WORK TO COMPLETE. In the entries that follow, repeat exactly the lines from the one that has "Papai Noel - Qual" through the one that has "ディズニーのバケーションパッケージのおすすめの予約のコツと内容", but omit pictures.
╭─ INPUT DATA
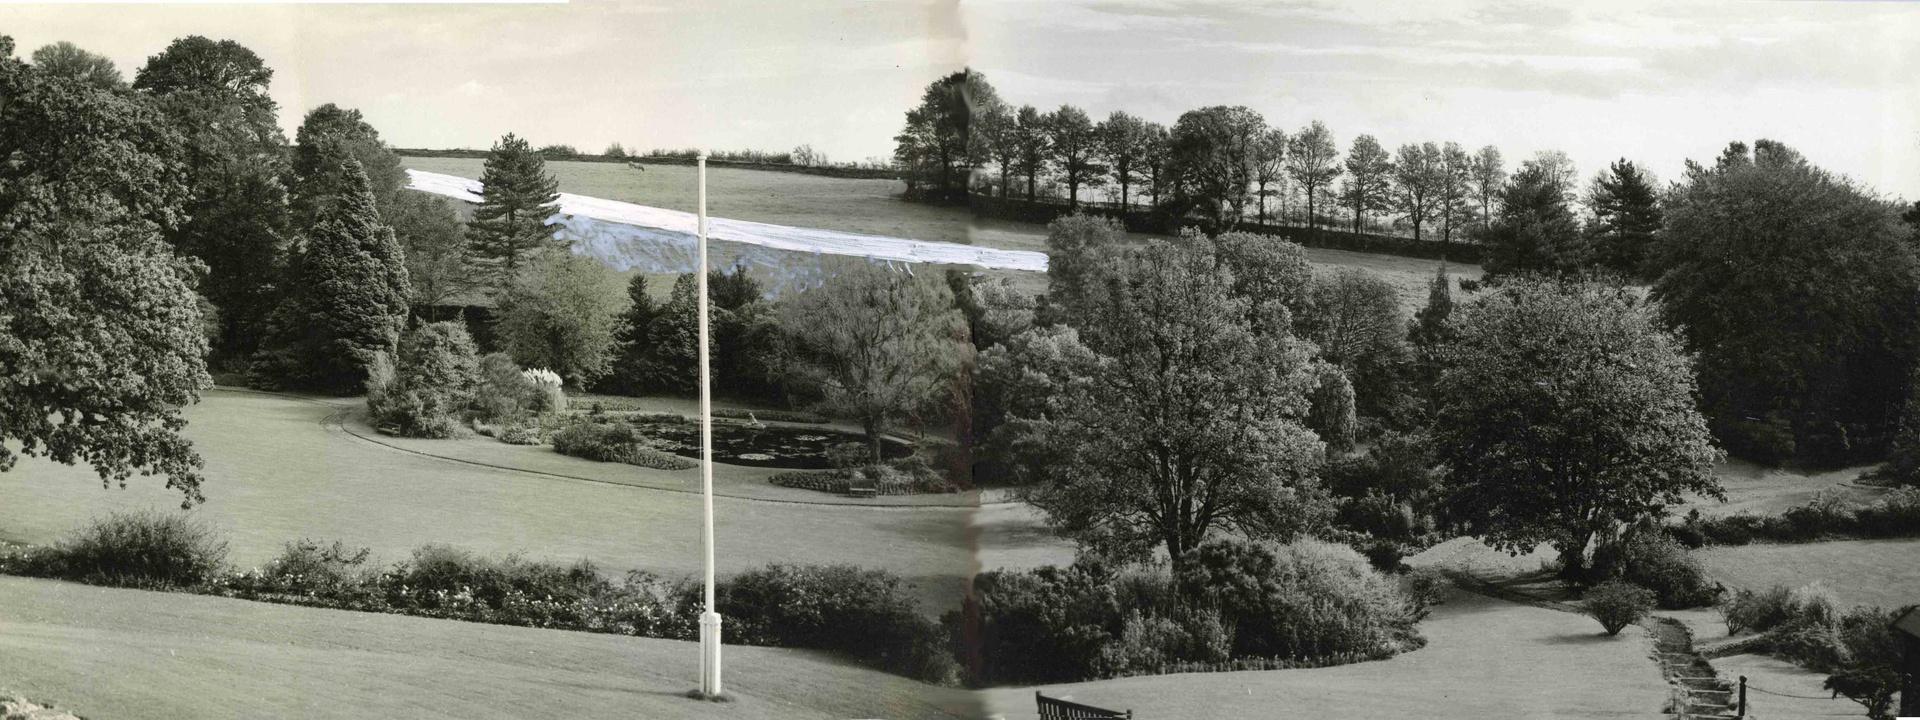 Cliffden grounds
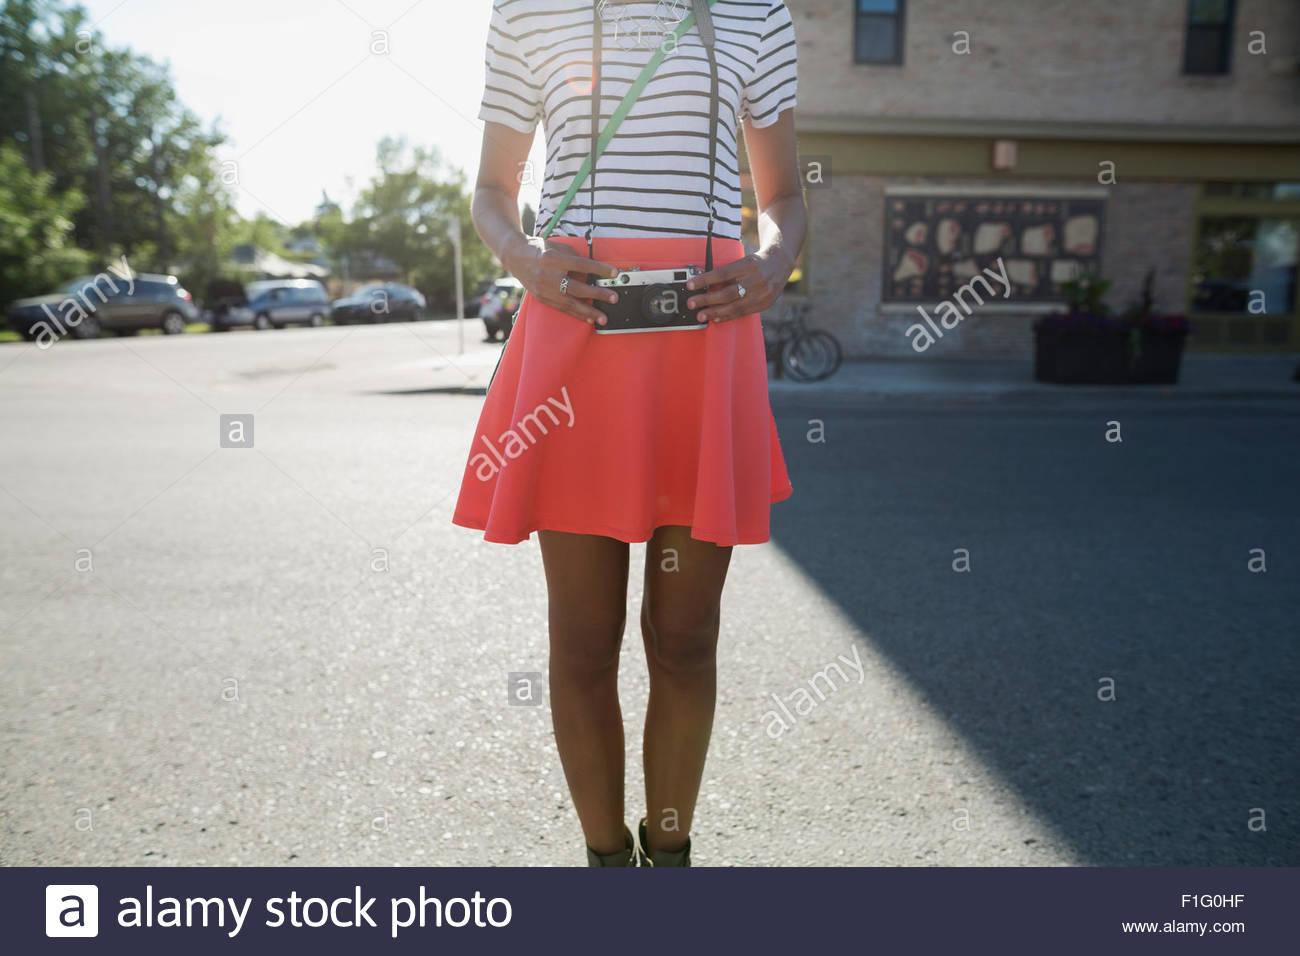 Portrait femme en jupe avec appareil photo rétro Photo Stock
╰─
╭─ INPUT DATA
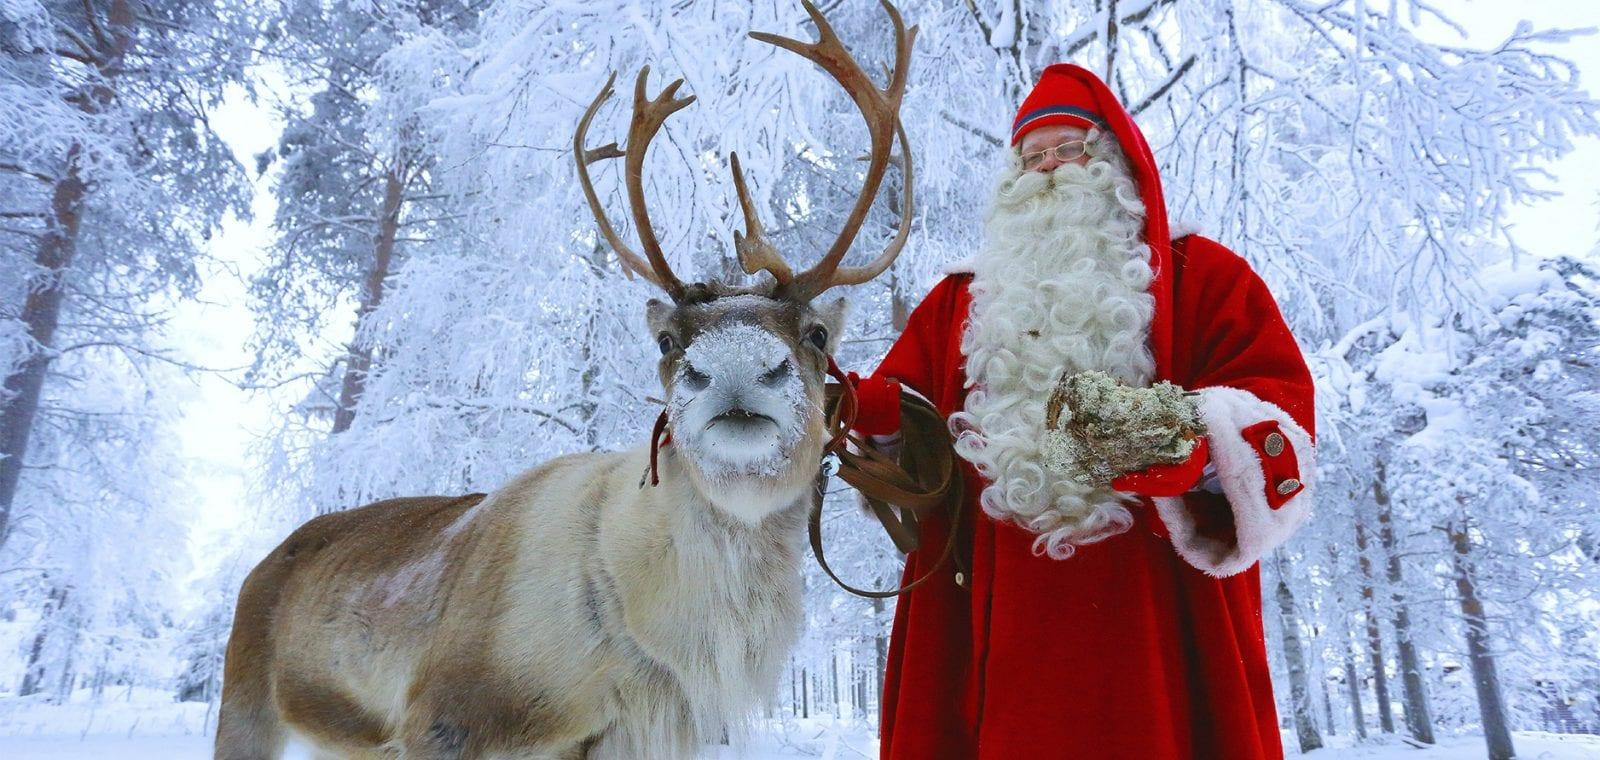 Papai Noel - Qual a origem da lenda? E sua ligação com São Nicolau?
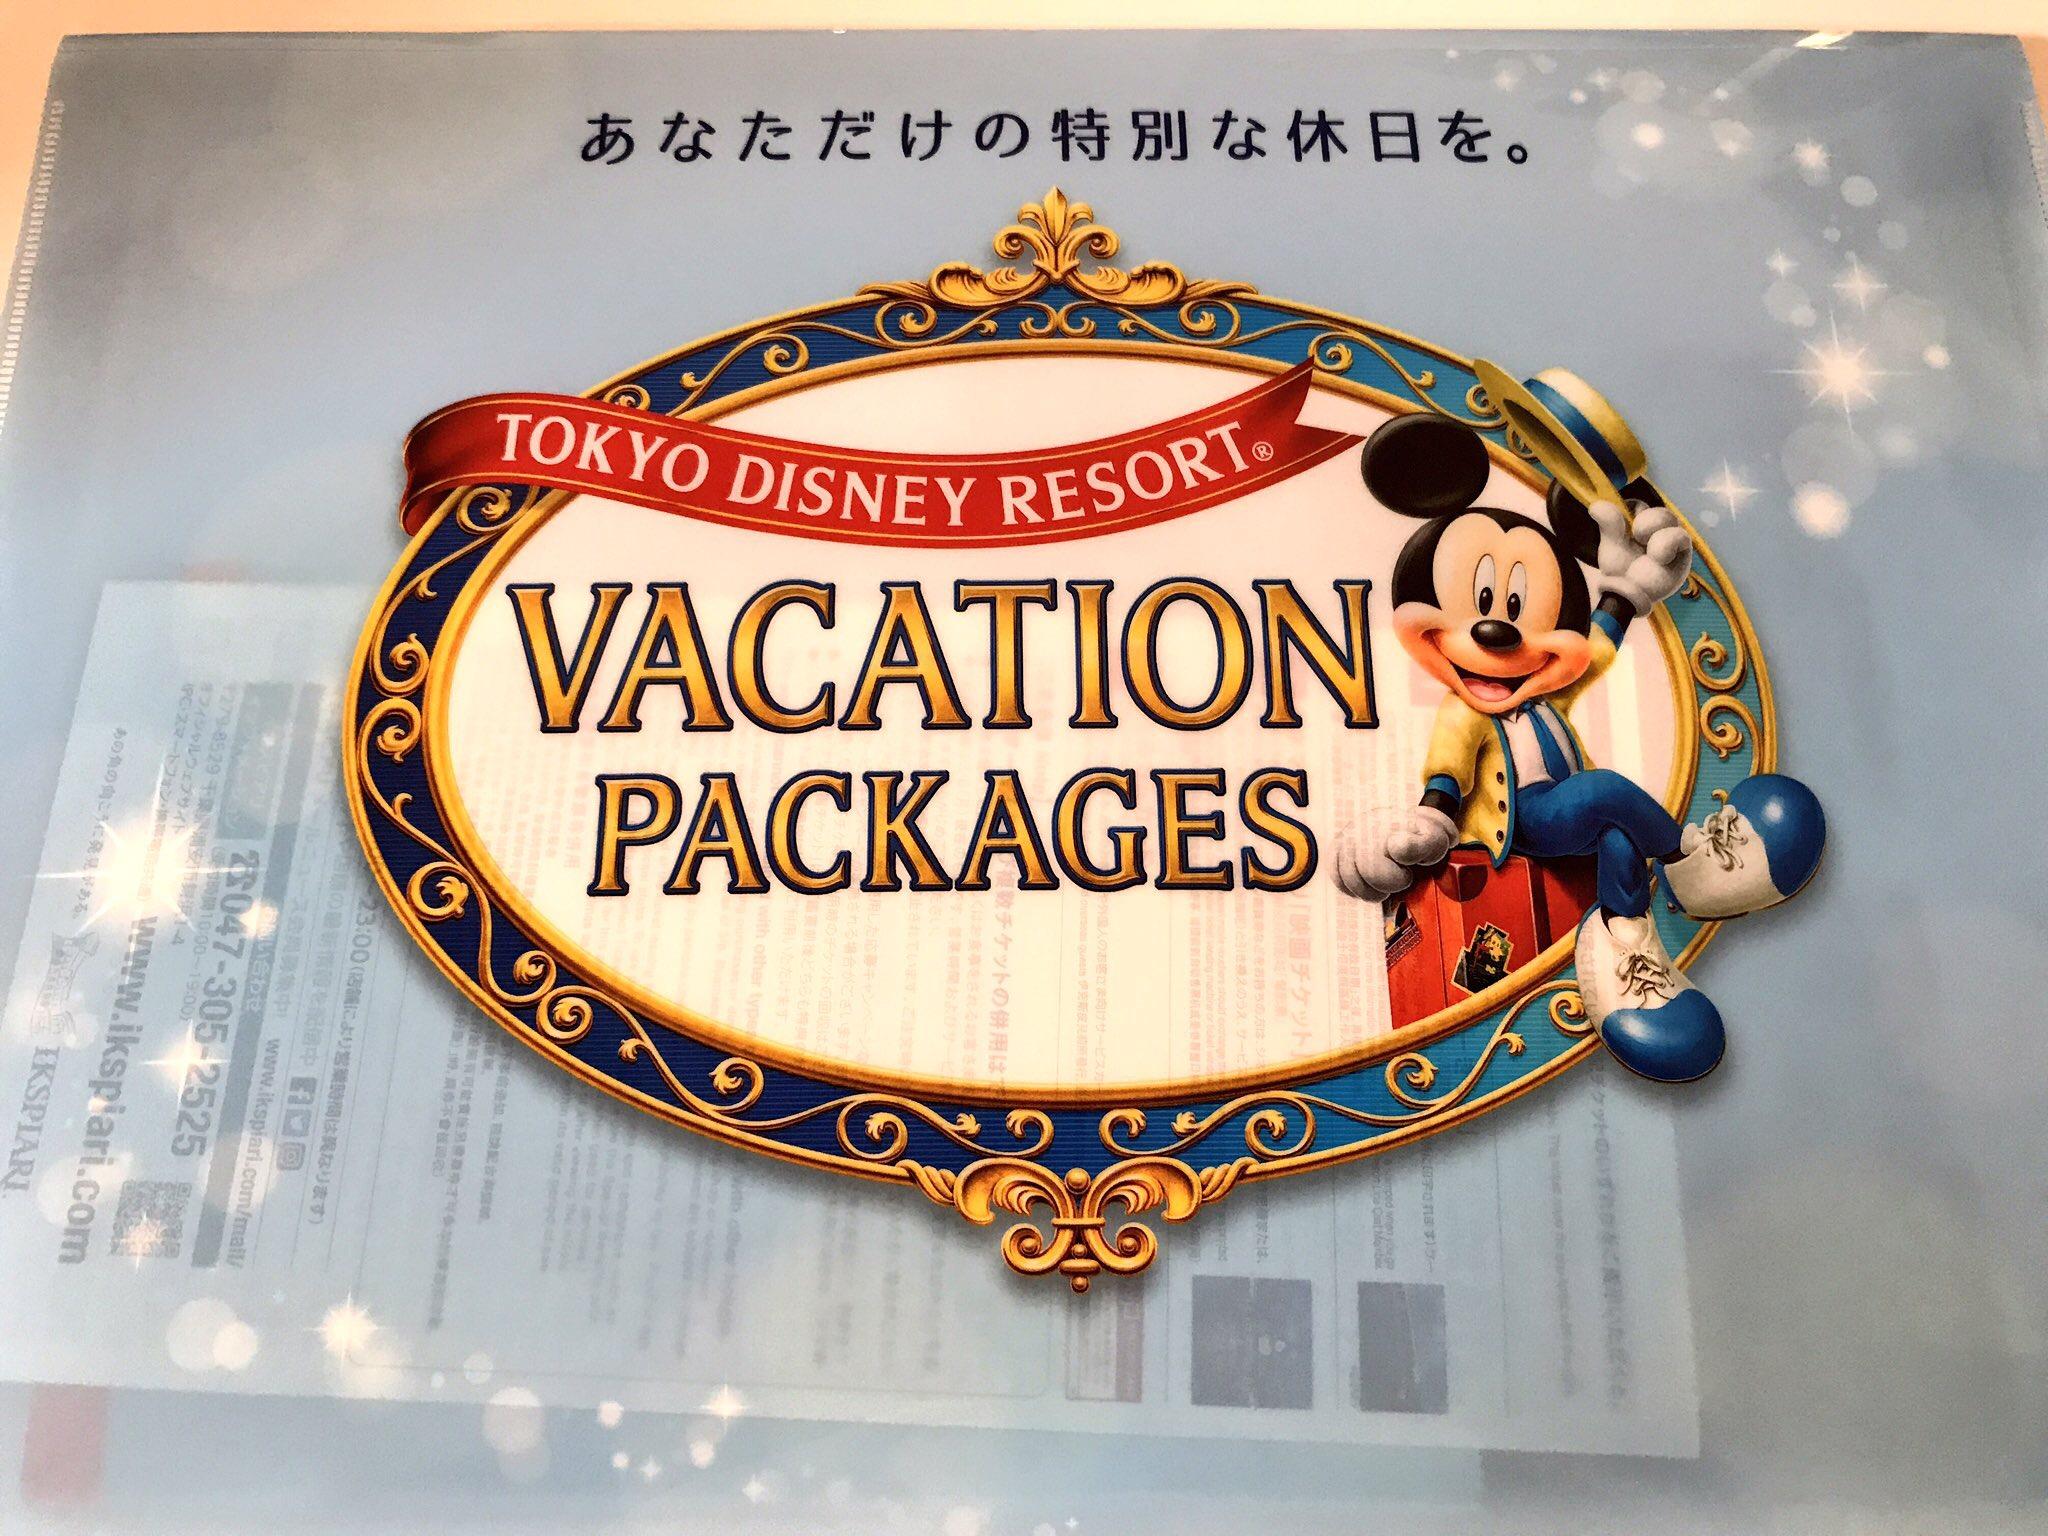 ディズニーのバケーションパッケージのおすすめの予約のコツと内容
╰─
FINISHED TASK.
 Papai Noel - Qual a origem da lenda? E sua ligação com São Nicolau?
 ディズニーのバケーションパッケージのおすすめの予約のコツと内容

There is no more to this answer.